The addition to the Commerce and Technology Center is comprised of classrooms, labs, student collaborative areas, faculty offices, and administrative spaces that aim to foster interdisciplinary collaboration across technological and business platforms. The programmatic activities range from robotics and immersive environment research labs to business centric public institutes, providing an opportunity to cross-pollinate ideas between students, faculty, researchers, and the public. The addition is attached to the south of the existing 90,000 sf ‘L’ shaped building, creating a semi-enclosed landscaped courtyard between the existing building and the addition. A new exterior grand stair connects the main lobby in the existing building down one floor to the main public lobby of the addition where the public institutes are located.
The design foregrounds the creation of an interior environment that fosters collaboration amongst students and faculty at the nexus of business, technology and education. Social connectivity coalesces around the central atrium space that connects the multivalent programs, providing clear visual connections between people on various levels of the building while highlighting their activities. Social conditions are intensified by positioning student lounges overlooking the vertical atrium as well as locating movement systems through the space, making physical and visual connections between multiple floors. The wide stairs in the atrium are activated as informal gathering places, adding to the social dynamics.

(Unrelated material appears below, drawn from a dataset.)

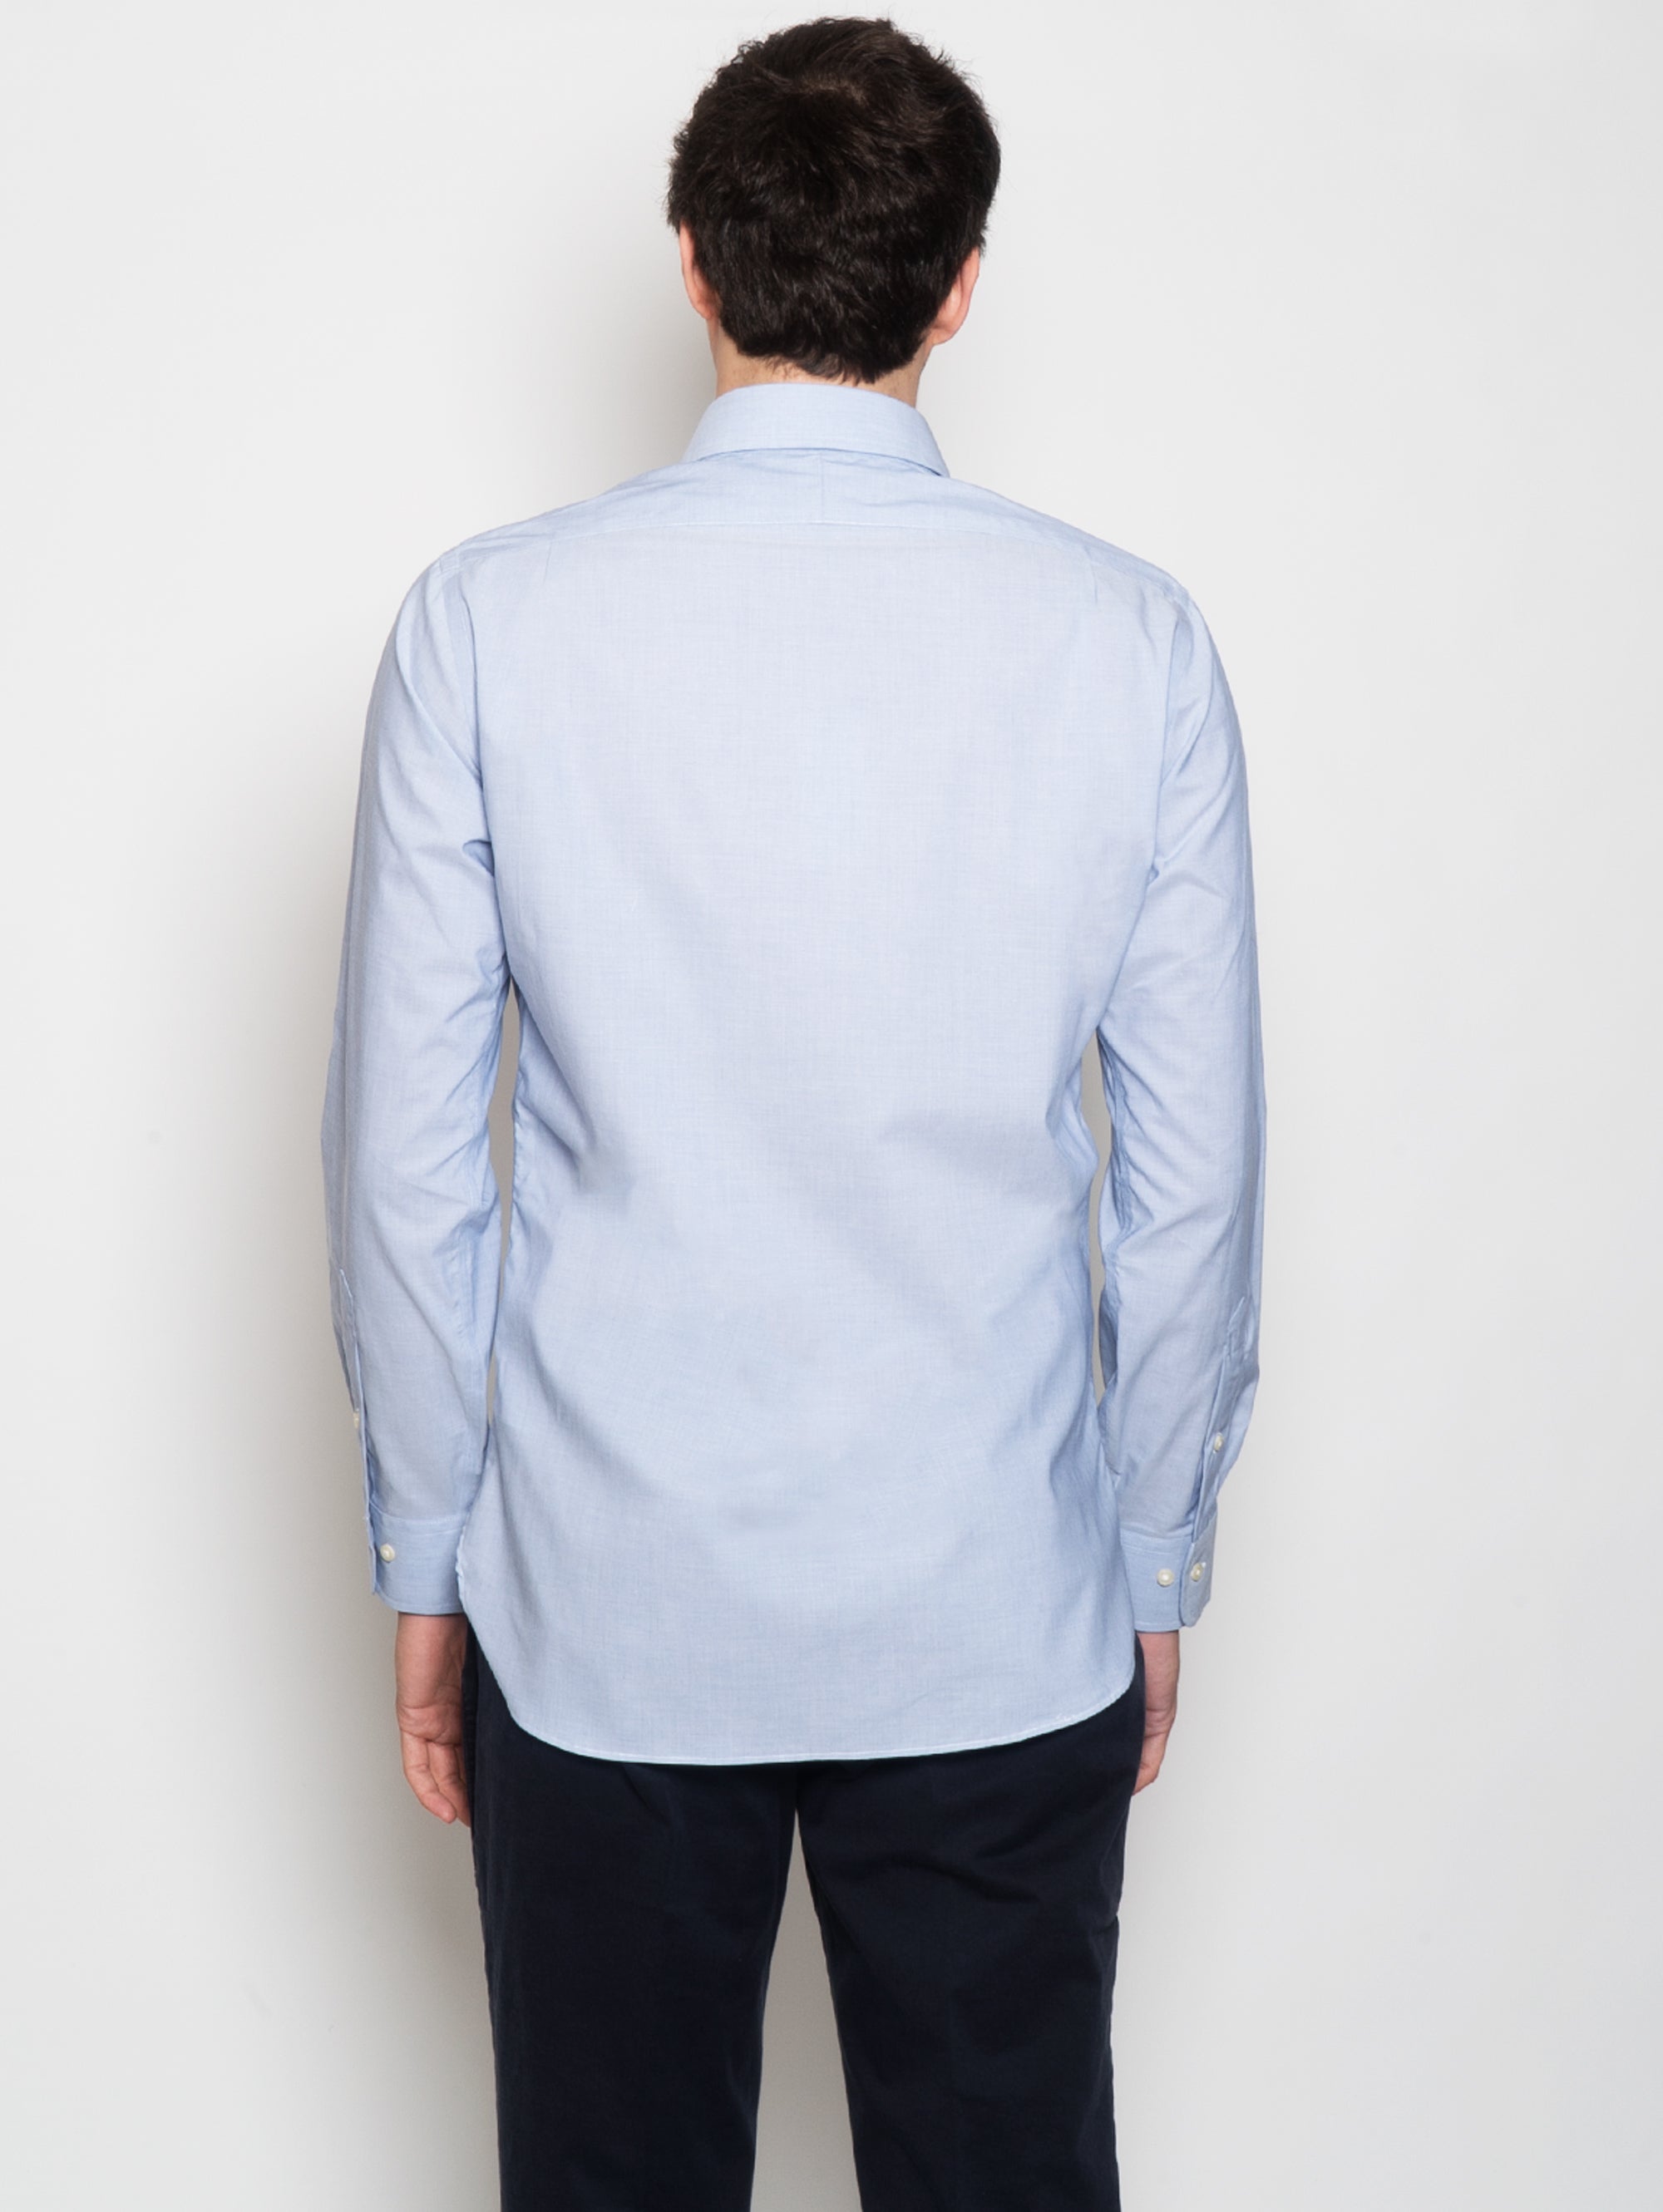 Elegant Shirt with Light Blue Regent Collar
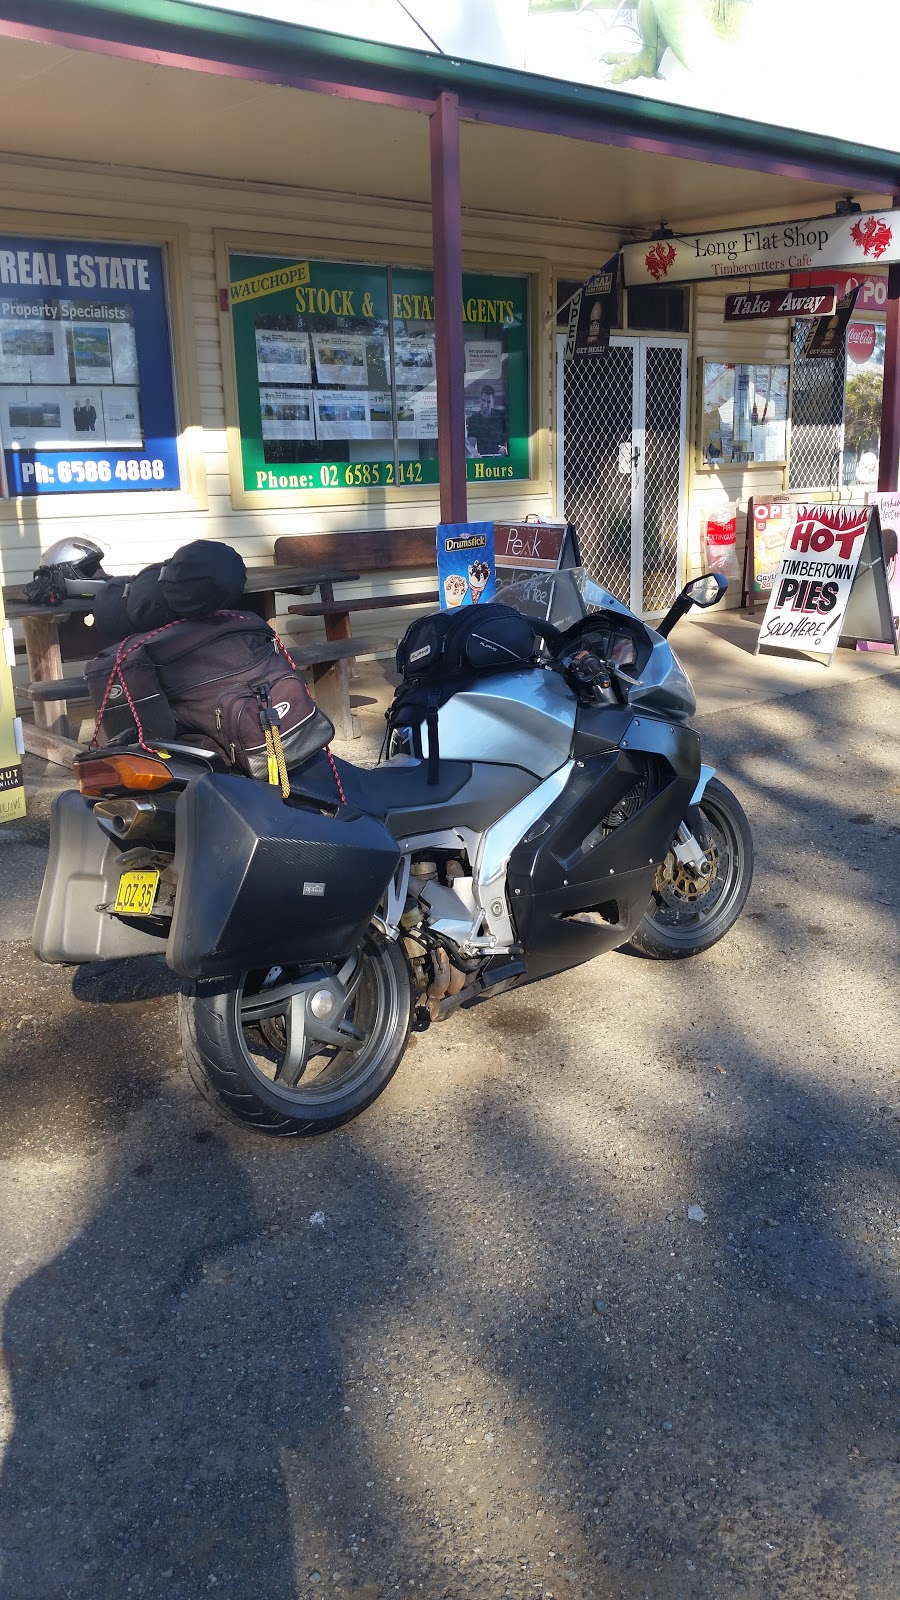 Long Flat Shop | gas station | 5019 Oxley Hwy, Long Flat NSW 2446, Australia

The architectural response to the goal of establishing social connectivity occurs through expressing the opposition between the solidity of the architectural entity and the deliberate apertures that exposes the activities embedded within. The program of the building is located in two large masses with an atrium space in the void between. The large openings subdivide the solid masses into thinner surfaces on which circulation or lounges occur, transforming the heavy masses into a porous aggregation of spaces where people socialize, relax or study. From within the apertures of the masses, visually minimal bridges with glass guardrails that maximize views to multiple floors cross the atrium intensifying the dynamic movement of people in and around the central connective space.